Icelandic Way Finder Rune - the Vegvisir - guides you away from danger.
During summer 2023, we posted specific things you can do to prepare your property for (against) the event of an Urban Wildfire. A bunch of little things can add up to a safer, defensible space.
Feel free to share this Tips-of-the-Week page with your neighbors, on Facebook, or in email to anyone in the country.
Create a defensible space around your home!
You might think that a fireproof home would need to be a concrete bunker with a metal roof, and paved yard.

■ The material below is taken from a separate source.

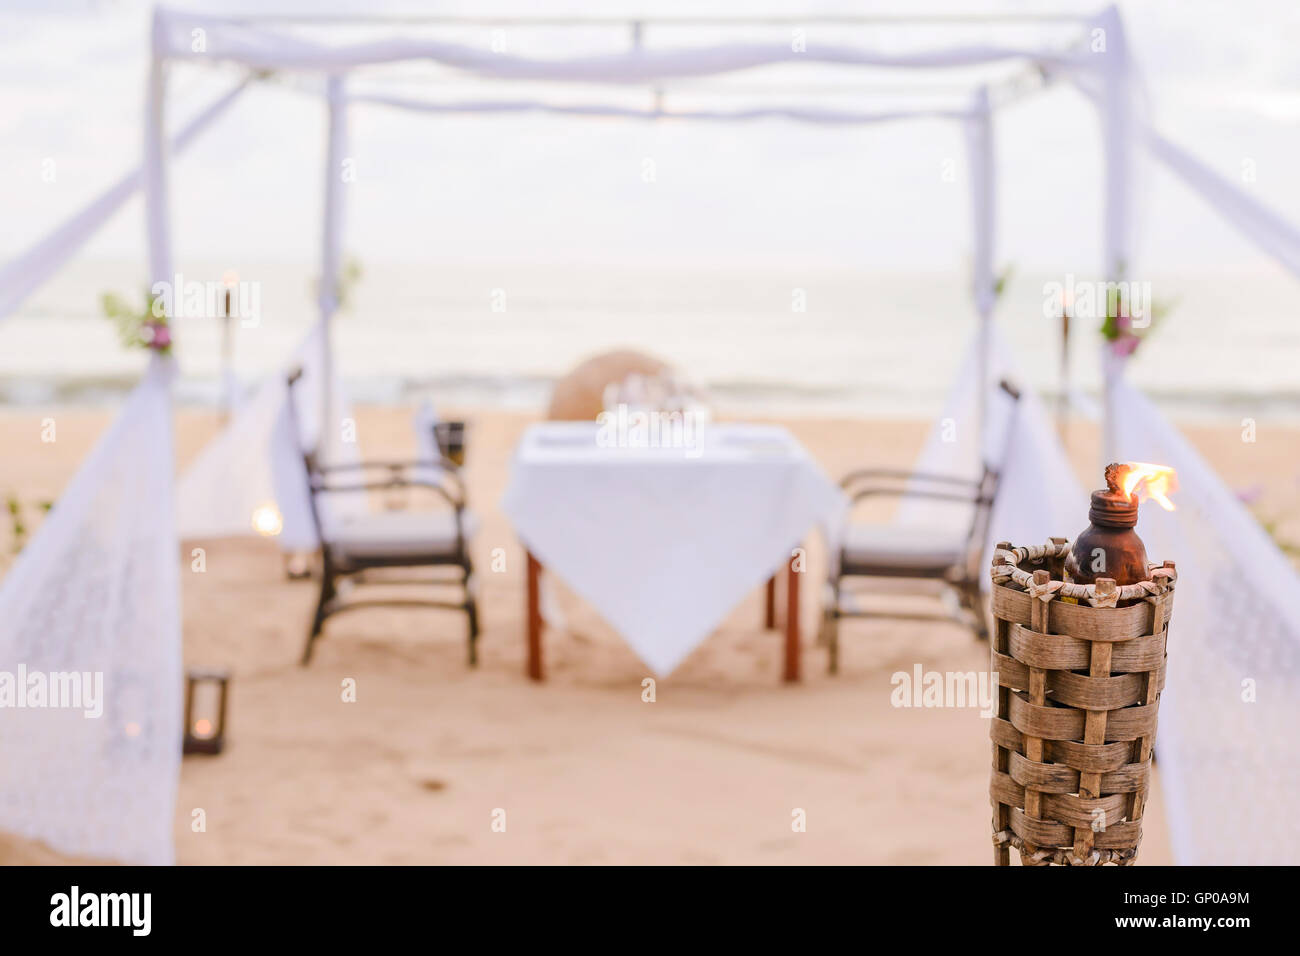 Blurry romantic dinner table setting on the beach at sunset. Focus on torch. Stock Photo

Maybe so, but you can make an ordinary home a lot more resistant to wildfires by surrounding it with a defensible space (your yard), and paying attention to the exterior - the roof, gutters, siding, decking, and so on.
Our State Fire Marshal says: "A defensible space is not a moonscape or a yard devoid of plants".
Ignition Zones image from this poster -
[PDF]
A defensible space encompasses a whole range of such things, including these TIPS we gave over the hot summer weeks of 2023:
TIP: Avoid connecting a wooden fence to your flammable home.
TIP: Remove "Ladder Fuels" such as vines from trees and other structures to keep fire from climbing onto your house or finding other sources of fuel.
TIP: Cluster flammable landscaping into "Islands of Fuel" away from your home.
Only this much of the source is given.